From what I understand, the error is caused because when implementing `dot_product=tf.matmul(anchor,tf.transpose(negative))`

, `anchor`

and `negative`

only has shape (64) so it caused the error. But should anchor and negative is of shape `(batch_size,64)`

? I really could not understand what I did wrong. Could you please enlighten me about this?
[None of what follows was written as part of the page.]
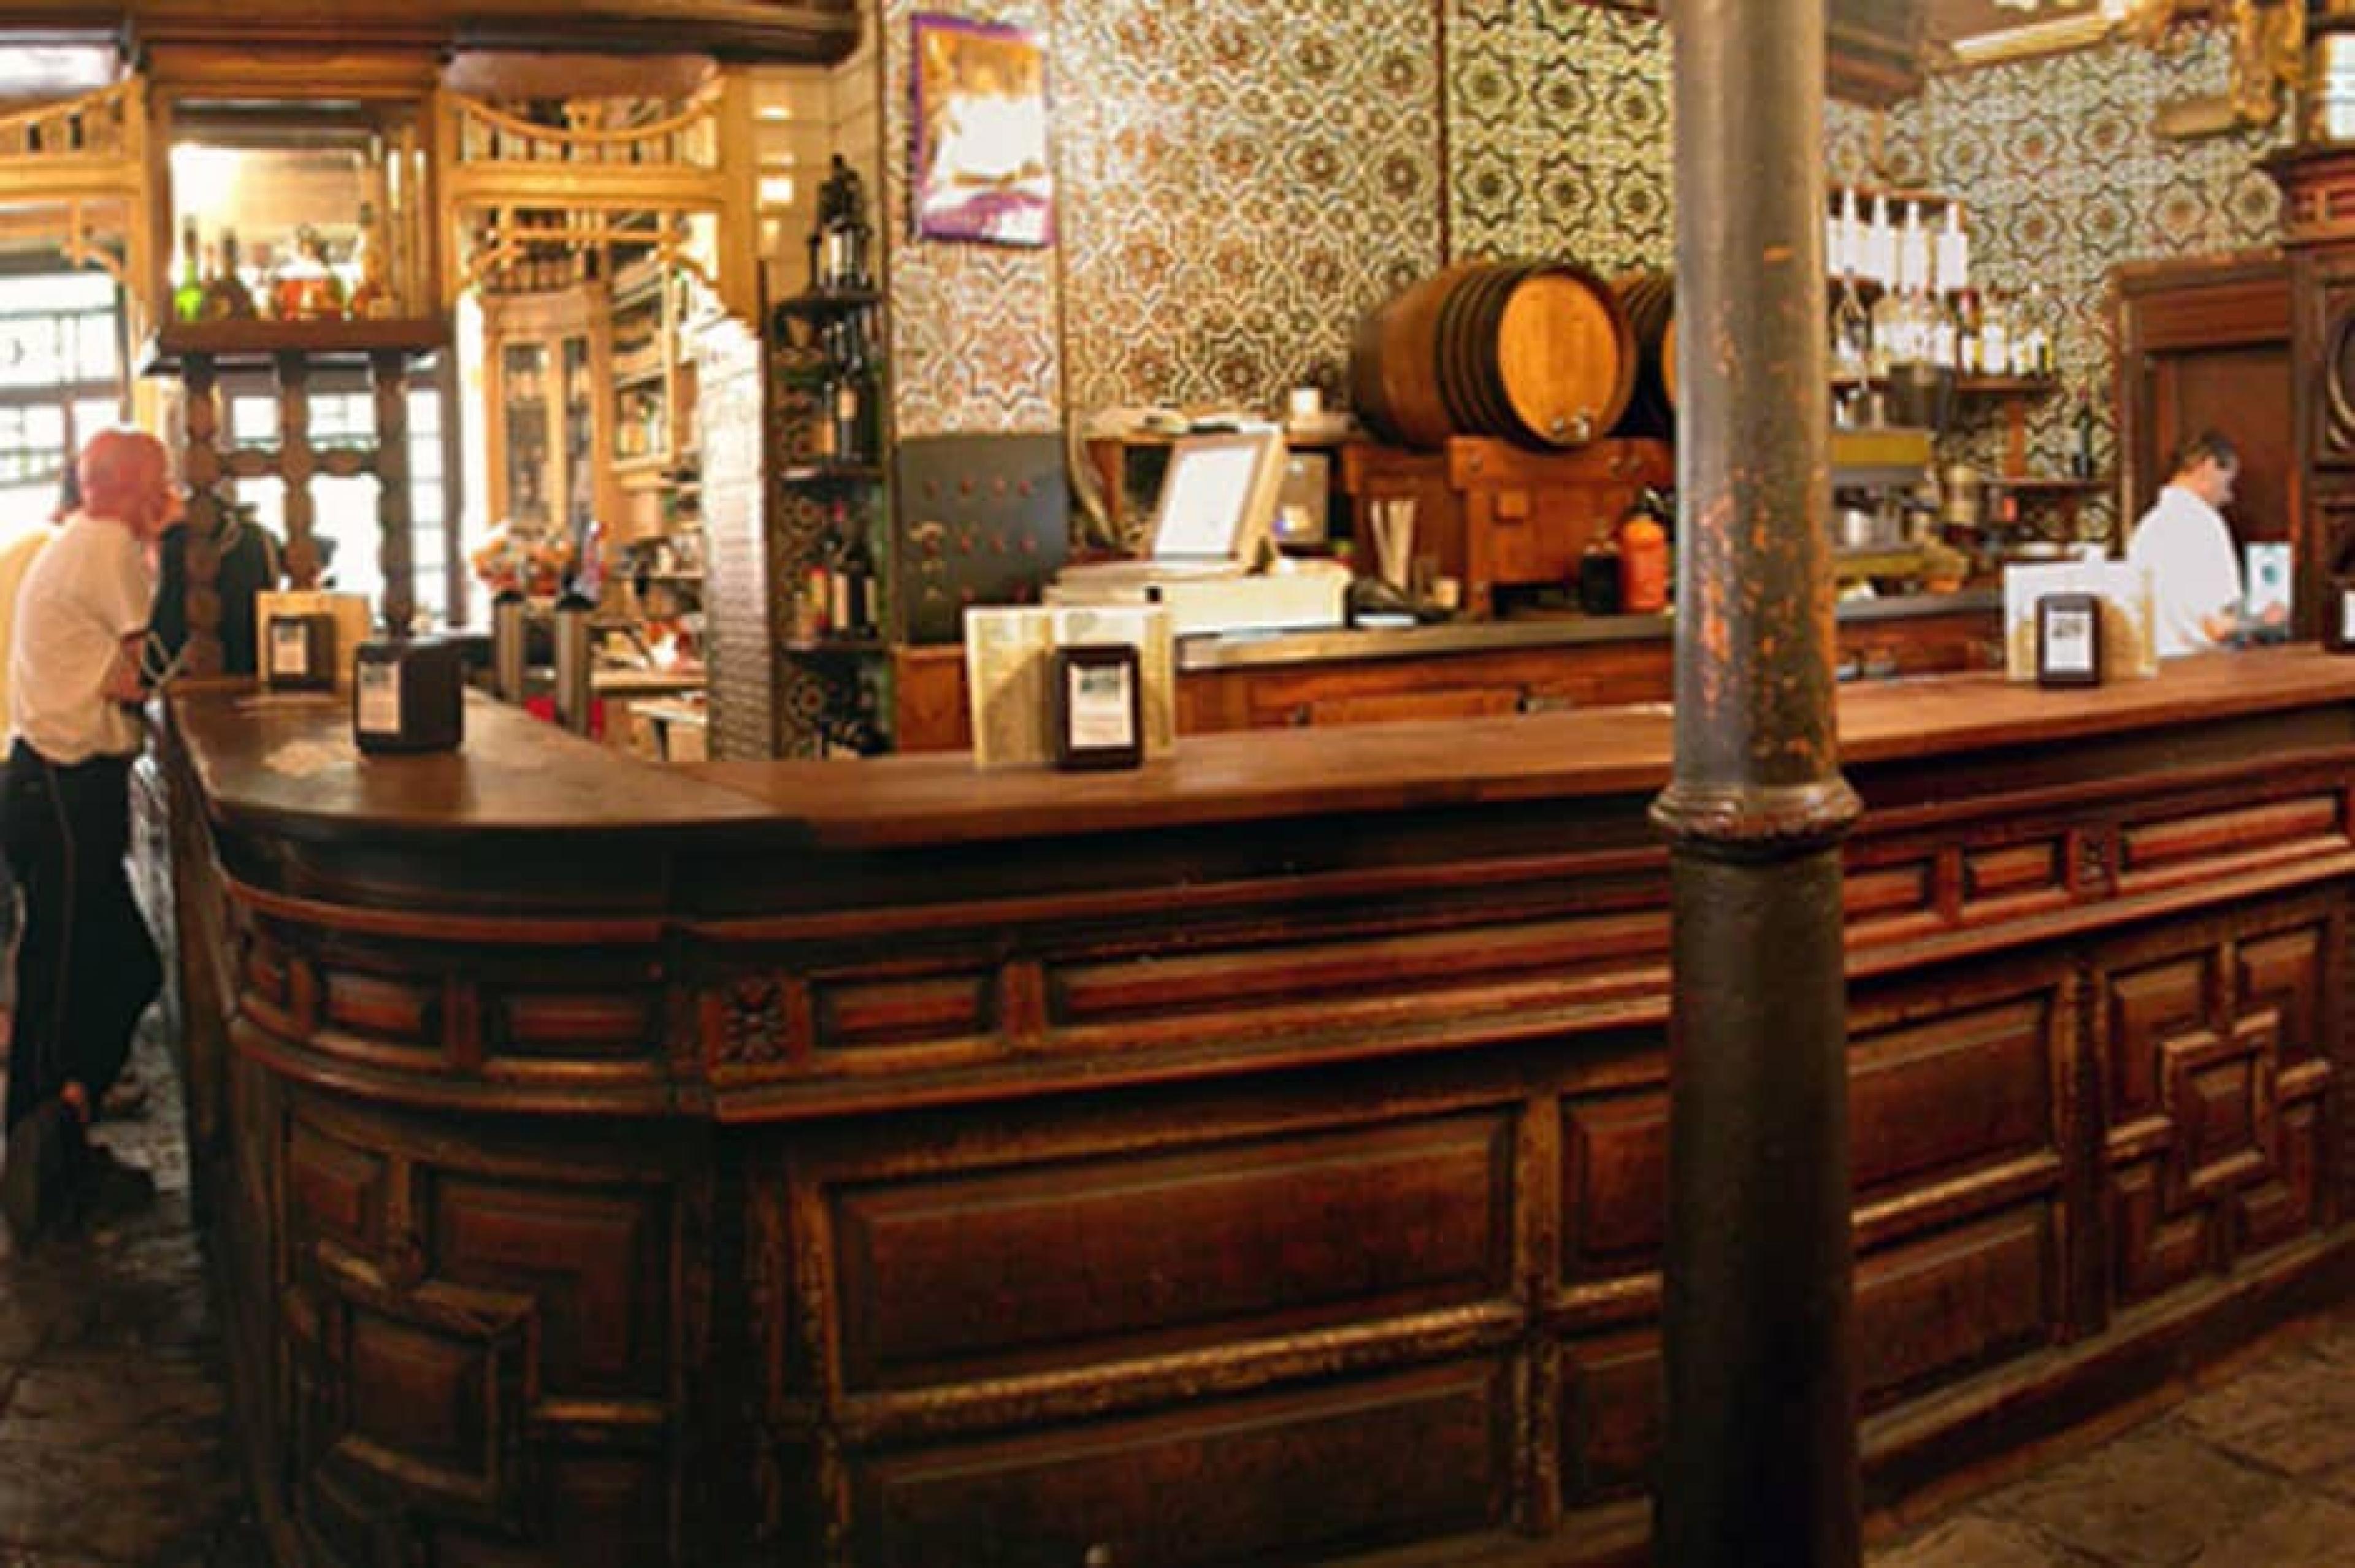 Bar at El Rinconcillo, Seville, Spain

Thank you

I tried to debug by implementing an independent funct to test

```
def triplet_loss(y_pred):
"""
Implementation of the triplet loss as defined by formula (3)
Arguments:
y_true -- true labels, required when you define a loss in Keras, you don't need it in this function.
y_pred -- python list containing three objects:
anchor -- the encodings for the anchor images, of shape (None, 64)
positive -- the encodings for the positive images, of shape (None, 64)
negative -- the encodings for the negative images, of shape (None, 64)
Returns:
loss -- real number, value of the loss
"""
anchor, positive, negative = y_pred[0], y_pred[1], y_pred[2]
# Step 1: Compute the (encoding) distance between the anchor and the positive
pos_dist = tf.math.reduce_sum(tf.math.square(tf.math.subtract(anchor,positive)),axis=-1)
# Step 2: Compute the (encoding) distance between the anchor and the negative
neg_dist = tf.math.reduce_sum(tf.math.square(tf.math.subtract(anchor,negative)),axis=-1)
# Step 3: subtract the two previous distances and add alpha.
basic_loss = tf.math.add(tf.math.subtract(pos_dist,neg_dist),0.4)
# Step 4: Take the maximum of basic_loss and 0.0. Sum over the training examples.
loss = tf.math.reduce_sum(tf.math.maximum(basic_loss,0.0))
# add regularization term
print("anchor shape: ",anchor.shape)
print("neg shape: ",negative.shape)
dot_product=tf.matmul(anchor,tf.transpose(negative))
multiply_2_vectors_value=tf.linalg.diag_part(dot_product)
M1=tf.math.reduce_sum(multiply_2_vectors_value,axis=-1)
M2=tf.math.square(multiply_2_vectors_value)
mask=tf.math.maximum(tf.math.subtract(M2,1/64),0.0)
M2=tf.math.reduce_sum(M2,axis=-1)
loss+=1.1*(tf.math.square(M1)+M2)
return loss
```

And it works fine with dummy tensor I passed to it

```
dummy=tf.random.uniform((1,3,224,224,3))
re_dum=model.predict(dummy)
test=triplet_loss(re_dum)
```

re_dum is a list of 3 elements, each is a tensor of shape (1,64),test is a number. So this little test shows that there is no problem with my implementing. But why the error keeps showing up?

Besides, when I replace

```
dot_product=tf.matmul(anchor,tf.transpose(negative))
```

with

```
dot_product=tf.matmul(tf.expand_dims(anchor,axis=0),tf.transpose(tf.expand_dims(negative,axis=0)))
```

The error disappeared, but it seems very perplexing for me why it works.